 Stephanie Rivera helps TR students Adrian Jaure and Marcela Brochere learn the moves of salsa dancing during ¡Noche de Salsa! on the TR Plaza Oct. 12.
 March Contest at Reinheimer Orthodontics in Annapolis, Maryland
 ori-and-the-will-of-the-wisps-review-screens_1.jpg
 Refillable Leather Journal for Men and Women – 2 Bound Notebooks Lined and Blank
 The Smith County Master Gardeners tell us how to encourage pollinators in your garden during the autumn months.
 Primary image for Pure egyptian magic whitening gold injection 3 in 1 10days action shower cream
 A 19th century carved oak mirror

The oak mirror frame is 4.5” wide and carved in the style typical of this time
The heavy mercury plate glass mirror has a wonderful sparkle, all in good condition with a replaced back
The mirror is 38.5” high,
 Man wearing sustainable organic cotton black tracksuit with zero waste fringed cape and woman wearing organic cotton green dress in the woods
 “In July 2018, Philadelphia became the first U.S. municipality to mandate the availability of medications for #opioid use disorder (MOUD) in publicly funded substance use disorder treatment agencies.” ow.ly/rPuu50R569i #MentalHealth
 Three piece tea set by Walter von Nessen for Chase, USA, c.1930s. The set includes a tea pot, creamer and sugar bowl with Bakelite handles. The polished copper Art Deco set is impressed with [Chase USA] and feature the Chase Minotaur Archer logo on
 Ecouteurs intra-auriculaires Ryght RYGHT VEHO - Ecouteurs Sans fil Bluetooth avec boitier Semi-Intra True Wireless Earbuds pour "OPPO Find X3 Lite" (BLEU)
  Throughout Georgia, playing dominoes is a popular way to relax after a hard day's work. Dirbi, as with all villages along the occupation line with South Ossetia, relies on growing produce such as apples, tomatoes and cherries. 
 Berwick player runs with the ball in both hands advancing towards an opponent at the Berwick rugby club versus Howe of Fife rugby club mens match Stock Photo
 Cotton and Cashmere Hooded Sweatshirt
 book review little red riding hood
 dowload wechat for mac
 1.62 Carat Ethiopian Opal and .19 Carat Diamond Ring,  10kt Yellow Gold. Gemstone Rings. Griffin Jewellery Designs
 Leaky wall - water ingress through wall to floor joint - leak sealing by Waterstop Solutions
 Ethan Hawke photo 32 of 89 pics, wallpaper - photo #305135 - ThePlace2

----------

WORK TO COMPLETE => Please give back exactly the lines of this listing beginning at the line with "Primary image for" and ending with the line with "The oak mirror", both included, and nothing else.

RESULT OF THE EXERCISE =>
 Primary image for Pure egyptian magic whitening gold injection 3 in 1 10days action shower cream
 A 19th century carved oak mirror

The oak mirror frame is 4.5” wide and carved in the style typical of this time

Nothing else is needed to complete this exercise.